Kukoc inbounds it to Jordan, Harper calls for the ball but he isn’t going to get. Ellie is doing one of two things: either he’s trying to goad Jordan into a fifteen-footer, he’ll leave with the result of it. Or, he wants Jordan to go for the win, trusting the larger sample that suggest Jordan isn’t a good three-point shooter. (34% was his percentage after the '97 regular season. Below average, but this was before teams even noticed the three-point line. If Michael played today he’d make them with the consistency of Klay Thompson)
Barkley and Hakeem stand pat in the paint, Michael blows past Ellie and into Barkley’s somewhat flappy torso, the ref swallows his whistle and the ball grazes the rim, rebound Hakeem. As the seconds dwindle down the Bulls scramble to find the worst free throw shooter on the Rockets and settle on Barkley (69.4 ft%). Fifteen-seconds left, Houston’s up two, chance to make it four and do what Charles couldn’t do in Phoenix: beat Michael.
Seriously, though, how was that not a foul? Barkley is clearly out of the restricted area…I think I seen a shove. What was the thing I said before about these things being decided by fluke-like occurrences?
Marv Albert, Matt Guokas and Bill Walton are not on the same page. Marv is rambling about how much a title would mean to Charles, why he signed in Houston when the writing was on the wall that the Suns’ window was closed. How Clyde wanted so badly after '92 to get “another crack” at Jordan and the Bulls. Guokas is whining about the no-foul call. Bill is busy dissecting the feel in the building. “It’s about as smooth as a horror movie”, what does that even mean?
The first free throw rattled in after all of Houston and Chicago felt their hearts nearly leap outta their chest. Charles looks shocked that shitty attempt even found its way to the bottom of the net. The next one goes left, Pippen grabs it and wastes no time giving it to Harper on the fast-break, Drexler does his second useful thing all night and picks him up, Harper stumbles and the ball rolls out of bounce and suddenly: the Houston Rockets are your World Champions!

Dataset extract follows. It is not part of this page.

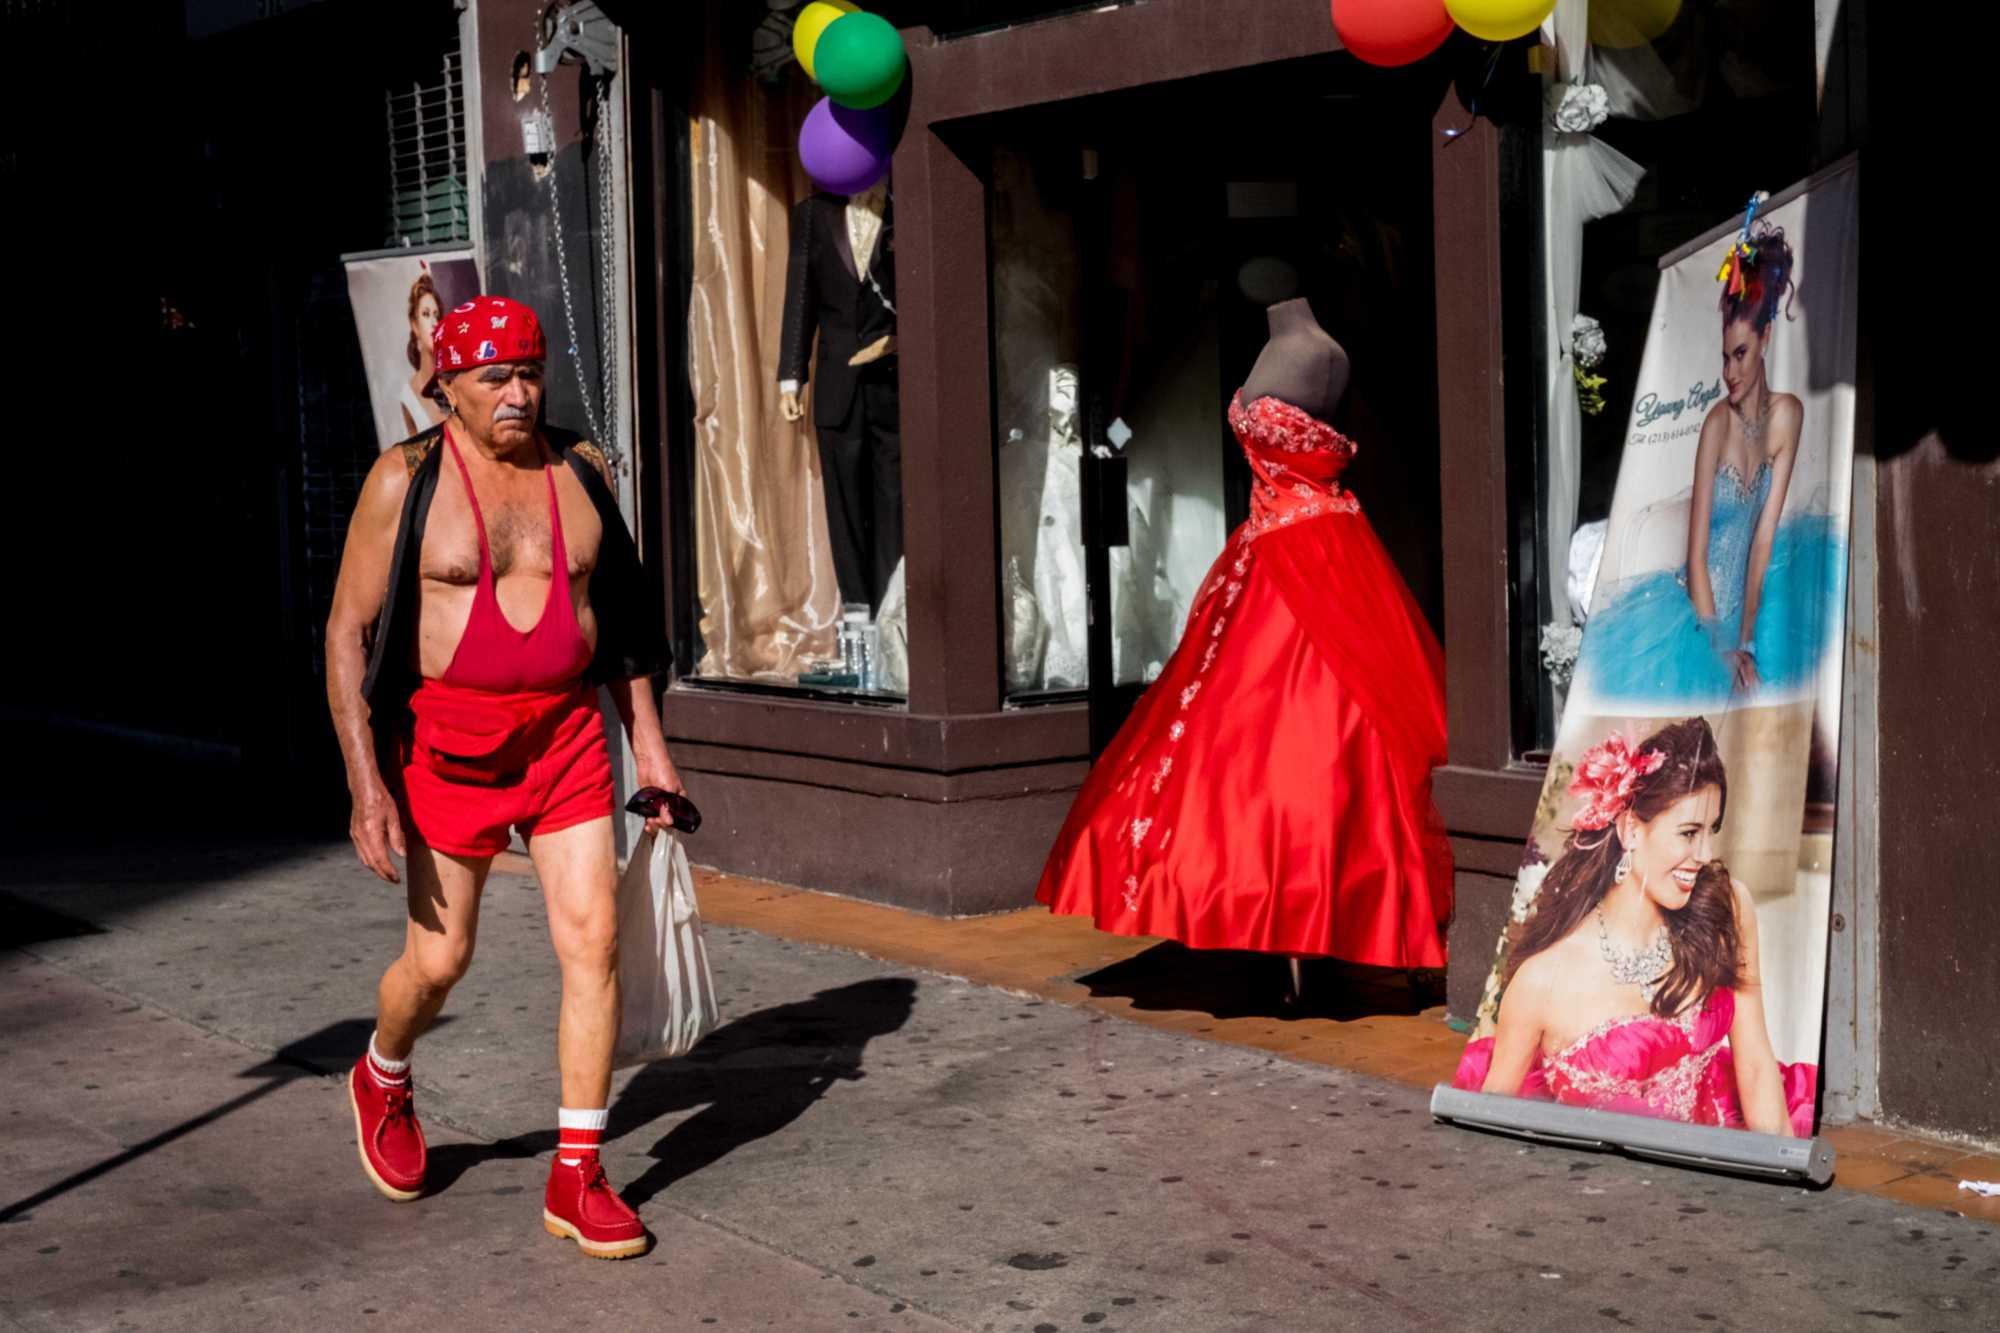 Student Photos: Downtown LA Discover Your Unique Voice in Street Photography Workshop 2016
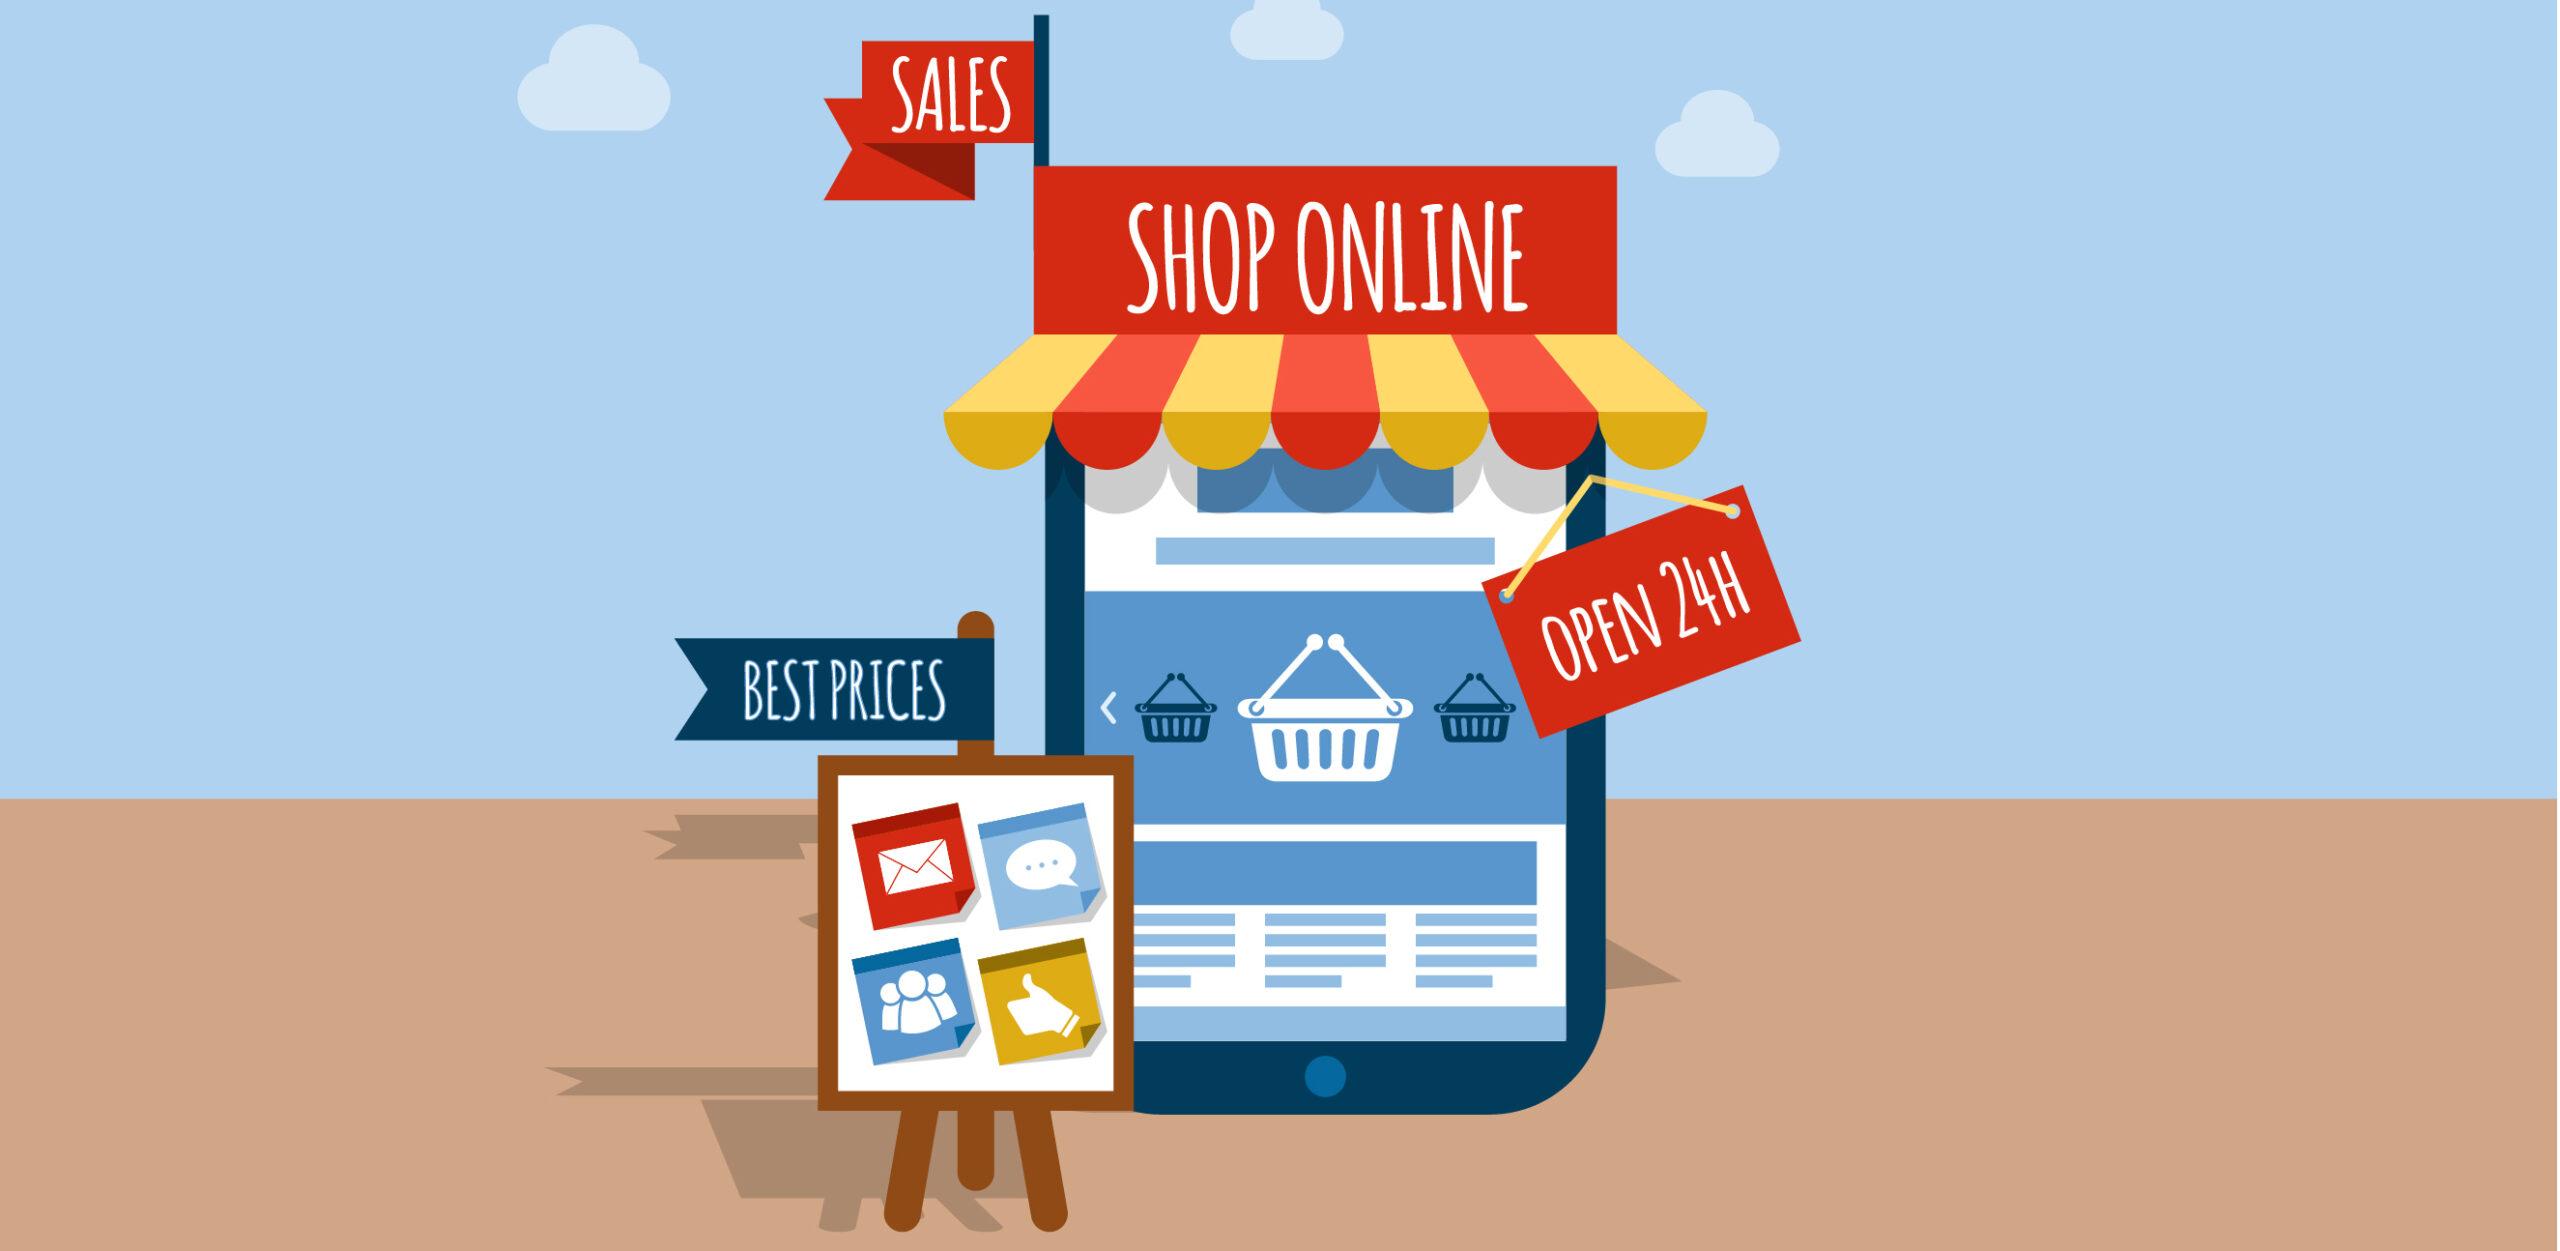 tienda online requisitos legales

How about that. This team looked ready to cave to the Supersonics a couple of weeks ago after nearly blowing a 3-1 lead, Drexler didn’t show up and they needed the rookie to step up big when it was clear the Bulls figured out what to do against the Rockets best three players on offense.
Jordan briskly walks towards Barkley and Clyde hugging one another in a totally not gay way. Shakes their hands like he finished runner-up at the British Open and gets the fuck out of the arena. I could almost hear him saying “I’ll show them, I’ll stick around until I’ve proven my point to the world that this doesn’t mean anything. I’ll over stay my welcome and leave a bitter taste in fans’ mouths when I begrudgingly hang it up.”
Confetti doesn’t fly. The Chicago faithful remained stunned in their seats. Someone shoves a microphone in front of Charles’ sweaty face, he cries out “I’ve saved you, Chicago, you’re welcome!”